Крамской, упрекая Репина за то, что он взялся не за свое дело, ибо не ему, «провинциалу, попавшему в столицу», осилить такой сверхпарижский сюжет, как «Парижское кафе», обмолвился в своем письме фразой, задевшей Репина за живое: «…Вы еще не умеете говорить тем языком, каким все говорят [т. е. они, французы], и потому Вы не можете обратить внимание французов на свои мысли, а только на свой язык, выражения и манеры»[259]. На это Репин с запальчивостью возражает:
«И даже насчет языка Вы ошибаетесь: язык, которым говорят все, мало интересен, напротив, язык оригинальный всегда замечается скорей, и пример есть чудесный: Manet и все эмприсионалисты»[260].

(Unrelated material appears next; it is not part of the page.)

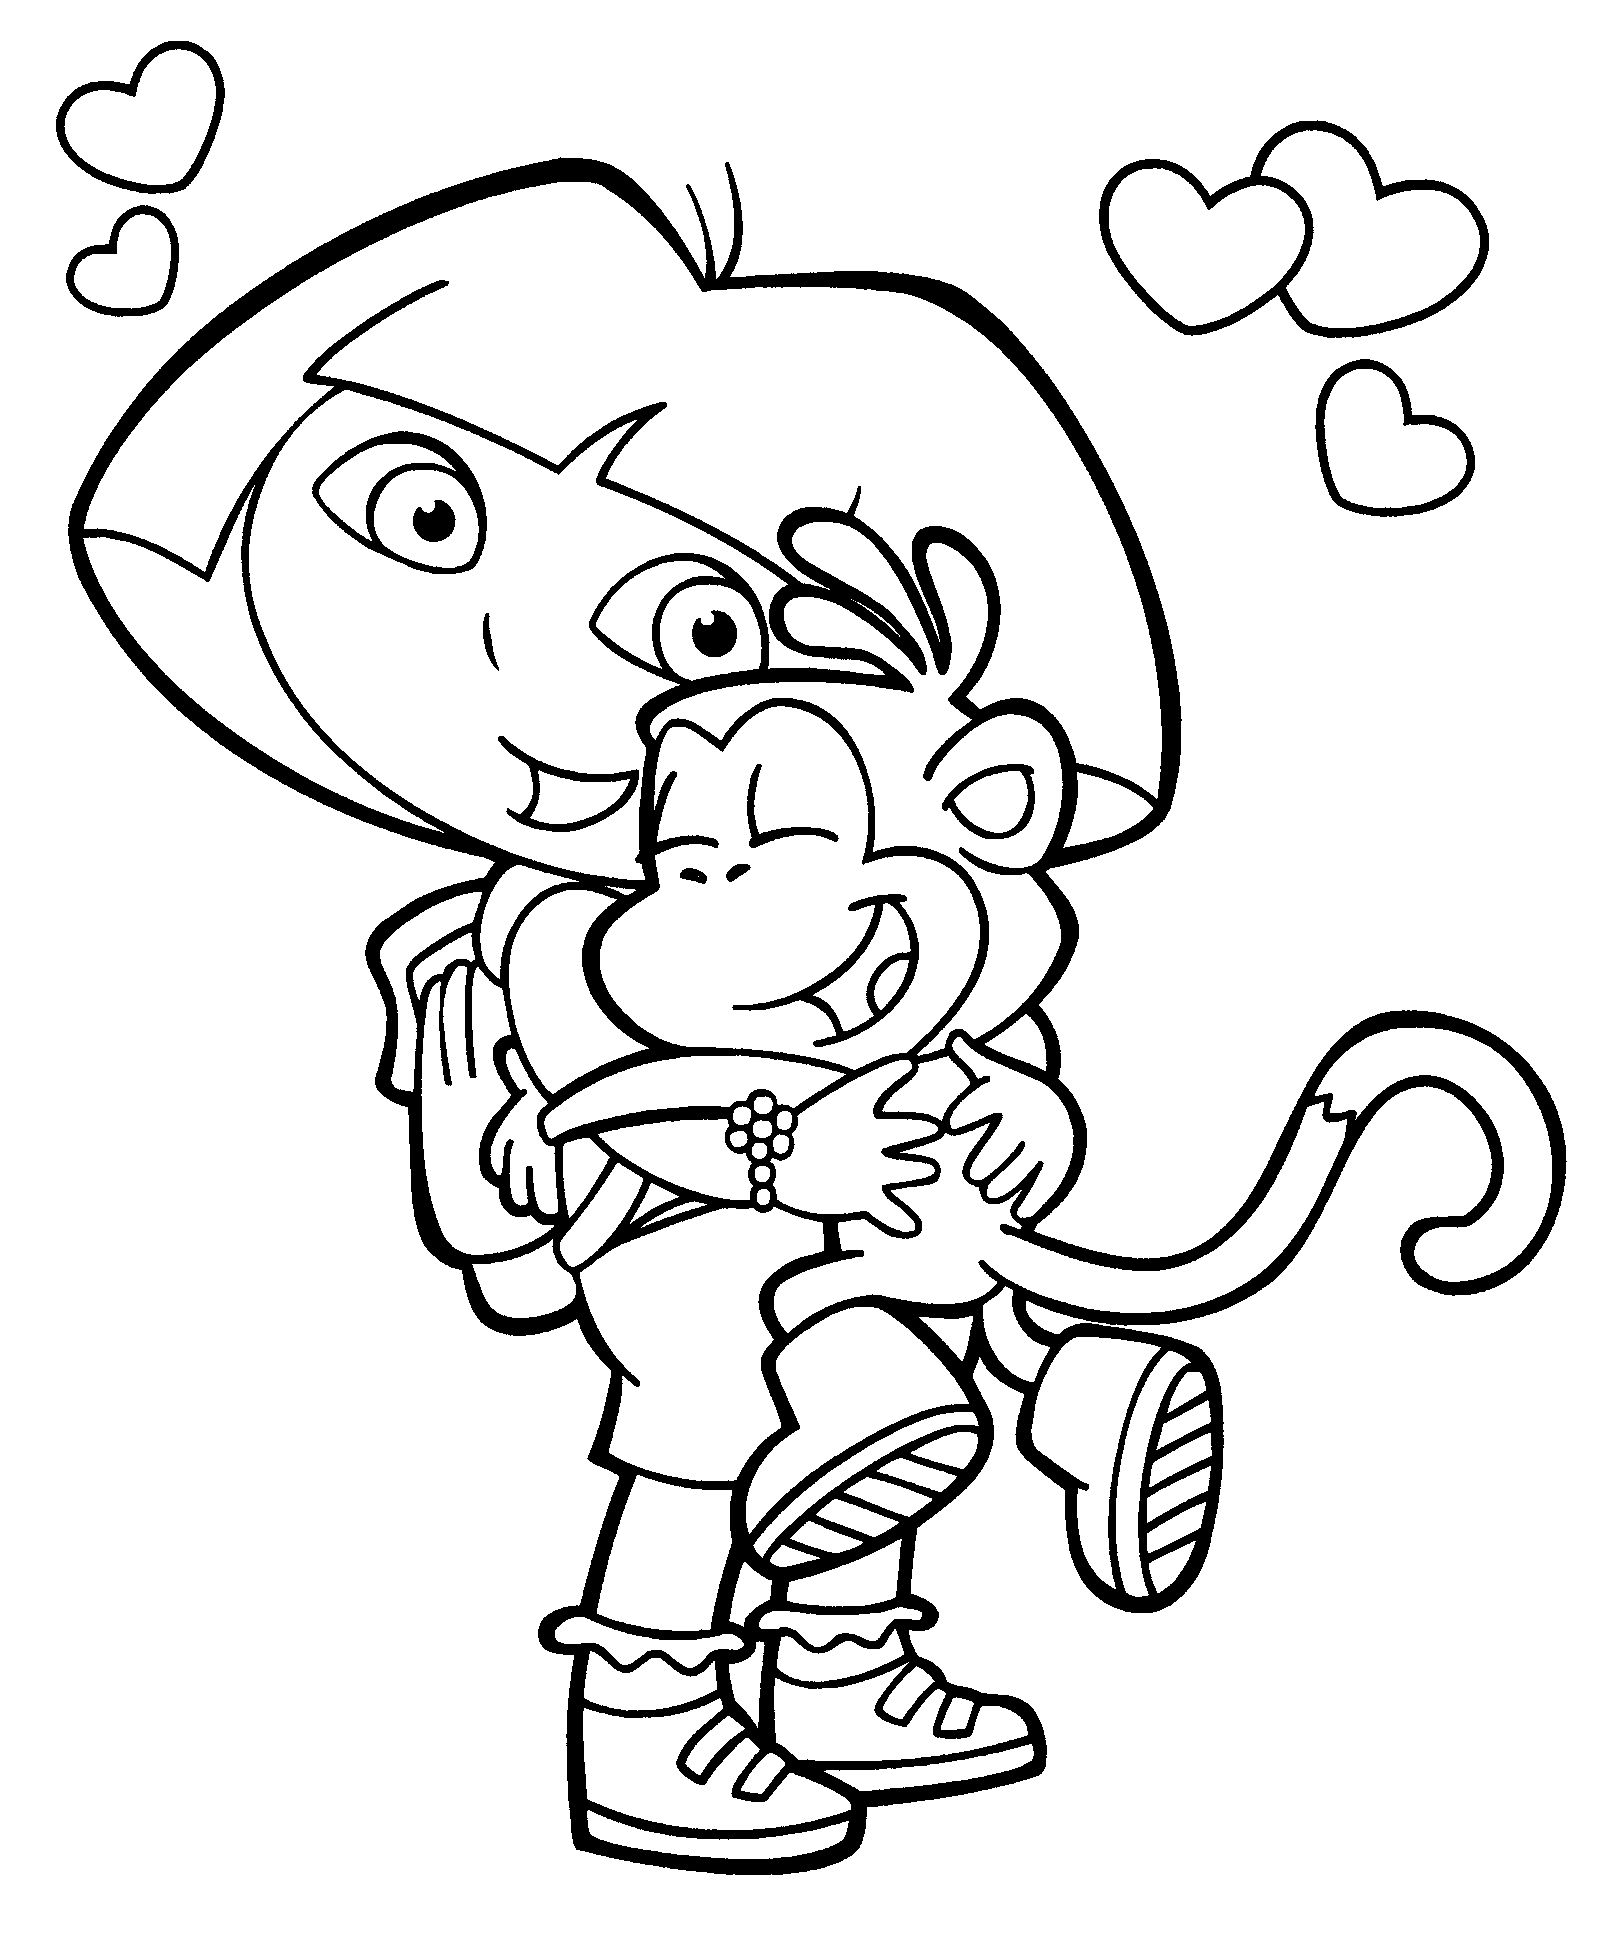 Dora Coloring Pages For Kids

Репин уже не только сам увлекается импрессионистами, но занимается их пропагандой среди верхов парижской русской колонии. Особенно горячо и часто он спорит с Тургеневым, который долго никак не хотел признать в них достоинство, но постепенно и он сдался, о чем Репин с торжеством сообщает Стасову:
«И[ван] С[ергеевич] теперь уже начинает верить в эмприсионалистов, это, конечно, влияние Золя. Как он ругался со мной за них в Друо. А теперь говорит, что у них только и есть будущее. Этот раз Manet рефюзировали в Салоне, и он теперь открыл выставку в своей мастерской. Ничего нового в нем нет, все то же; но „Канотье“ не дурен; а браковать его все-таки не следовало, в Салоне он имел бы интерес»[261].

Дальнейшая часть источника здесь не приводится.